■ **PROBLEM DESCRIPTION**: From the listing below, output only the lines starting at the line that has "Museum Tinguely, Nicola Bramigk" and ending at the line that has "Antonio Stradivari Cremona", exactly as they appear, ends included.

■ **RECORDS FOR PROCESSING**:
——————

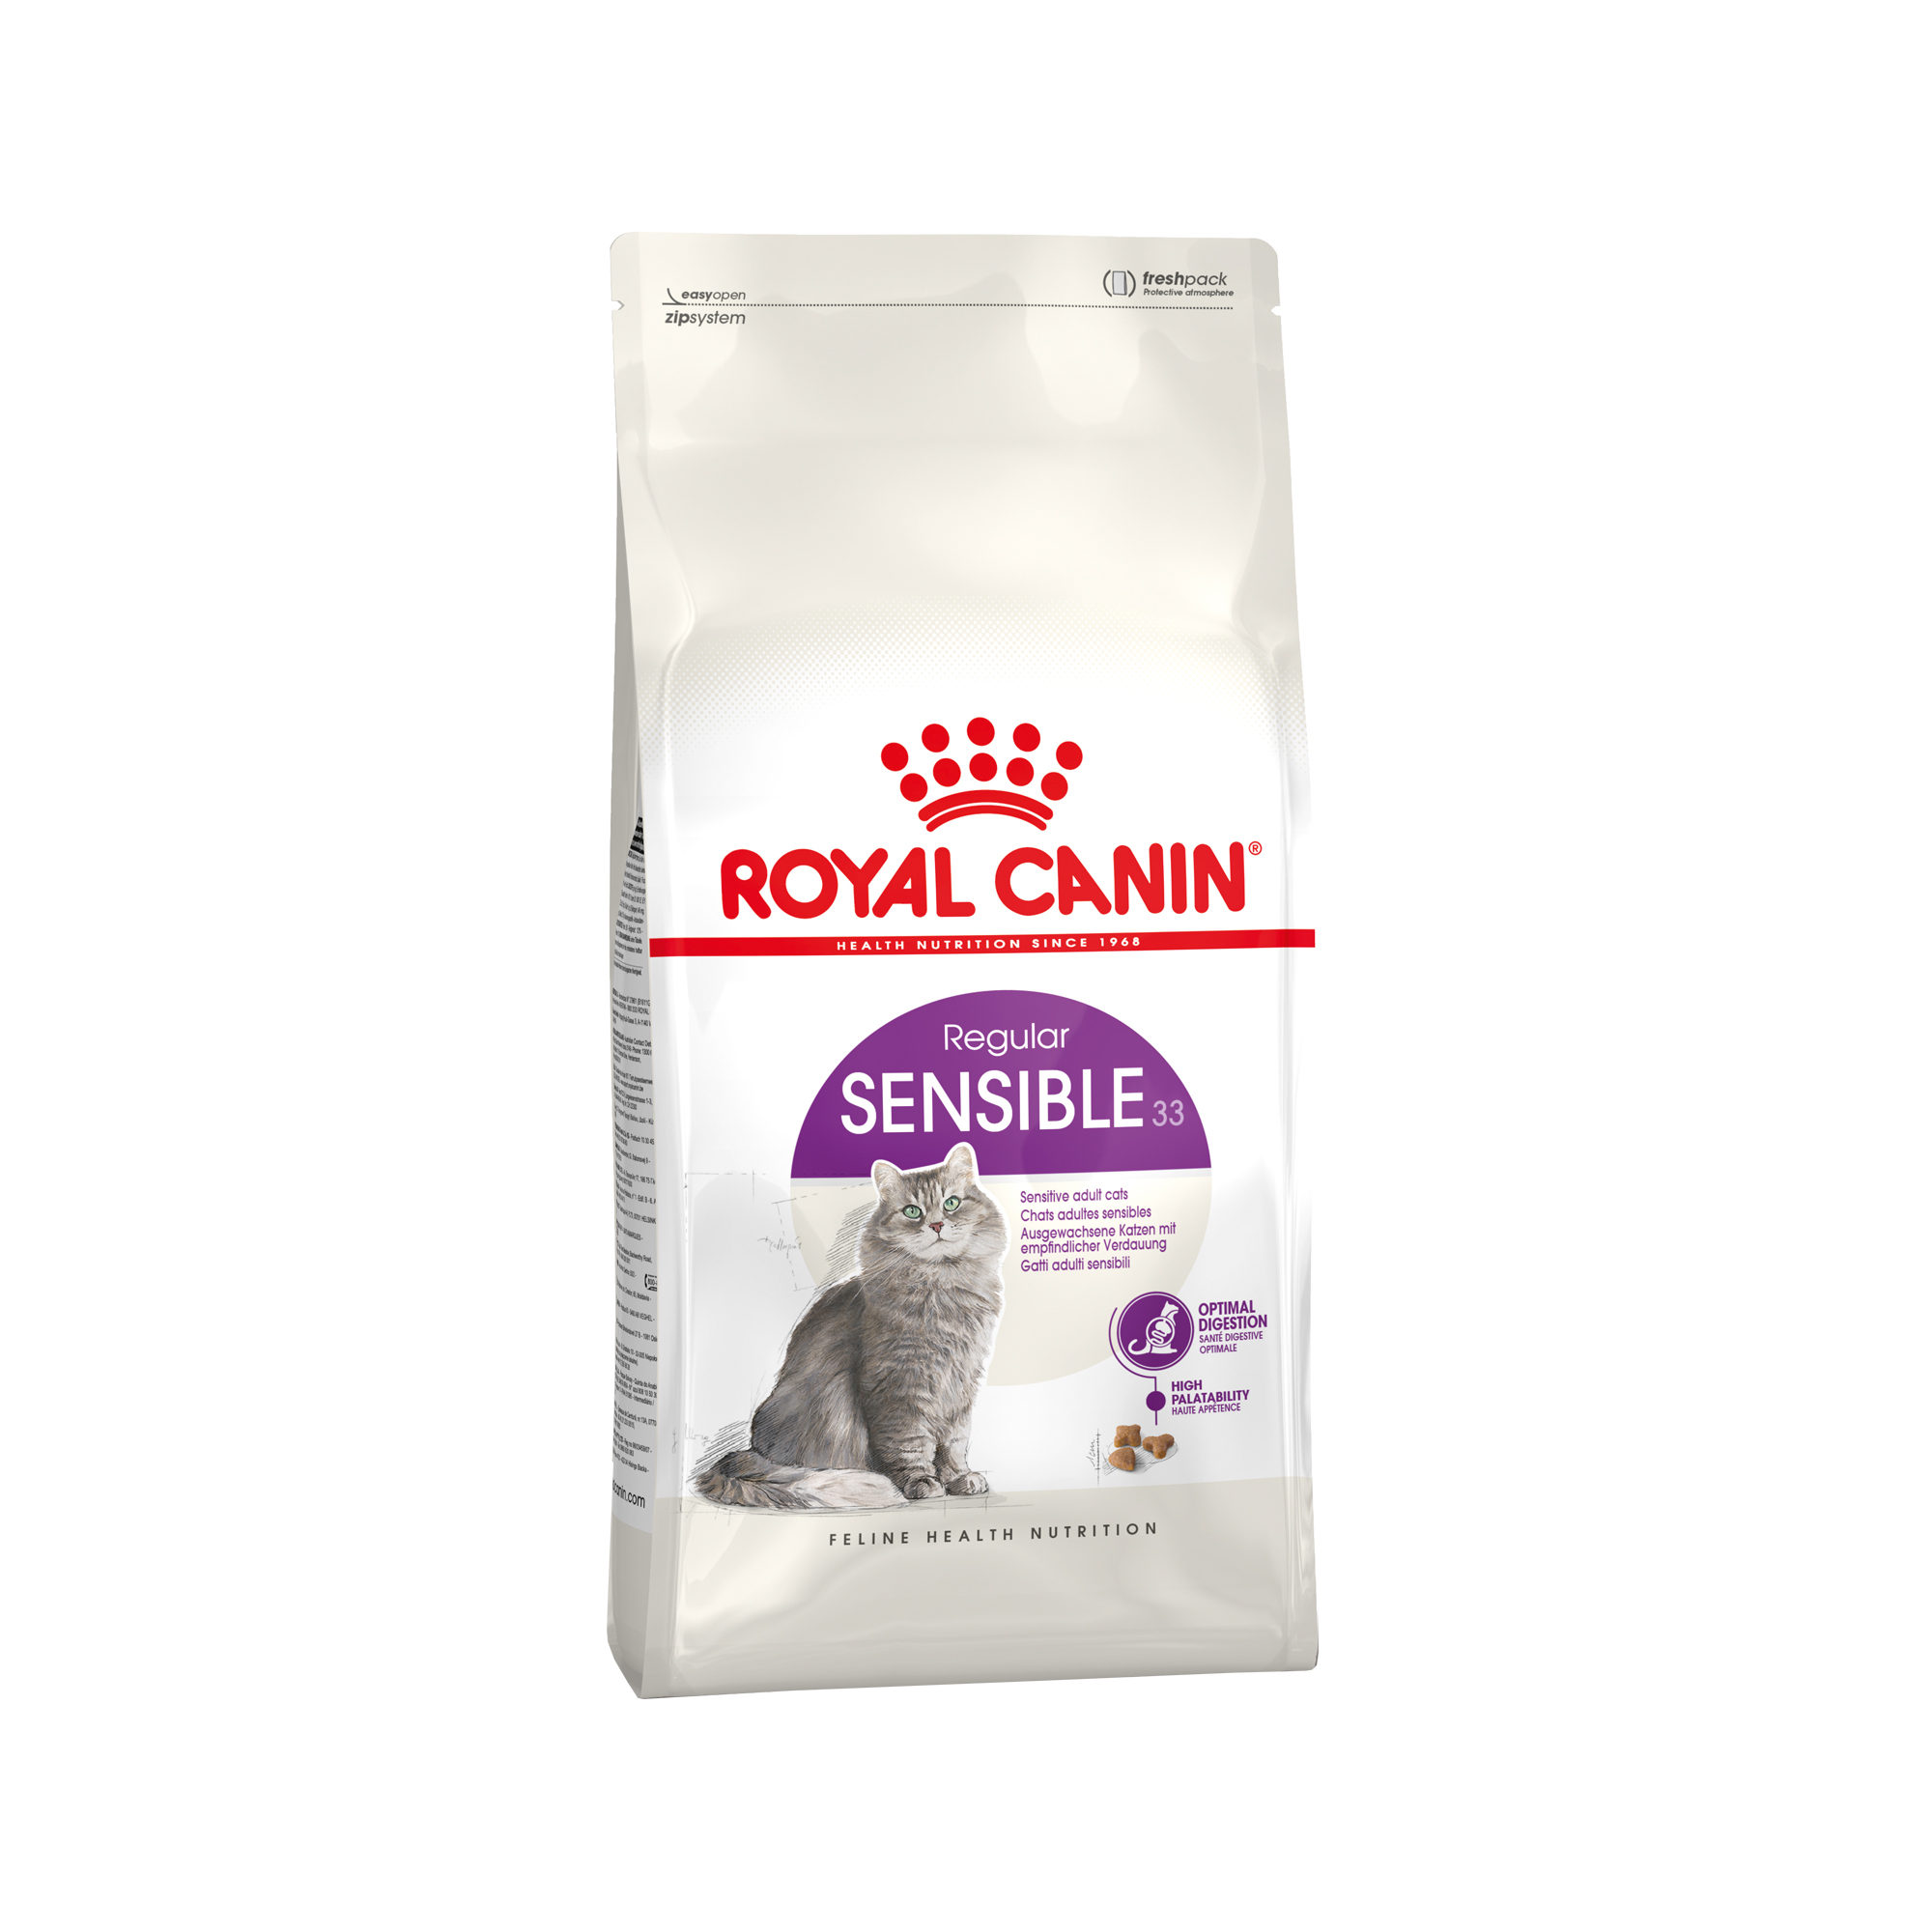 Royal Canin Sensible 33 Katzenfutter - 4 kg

——————

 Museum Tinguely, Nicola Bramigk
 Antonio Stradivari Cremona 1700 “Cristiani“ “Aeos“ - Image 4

——————

■ **SOLUTION FOR THIS EXERCISE**:
 Museum Tinguely, Nicola Bramigk
 Antonio Stradivari Cremona 1700 “Cristiani“ “Aeos“ - Image 4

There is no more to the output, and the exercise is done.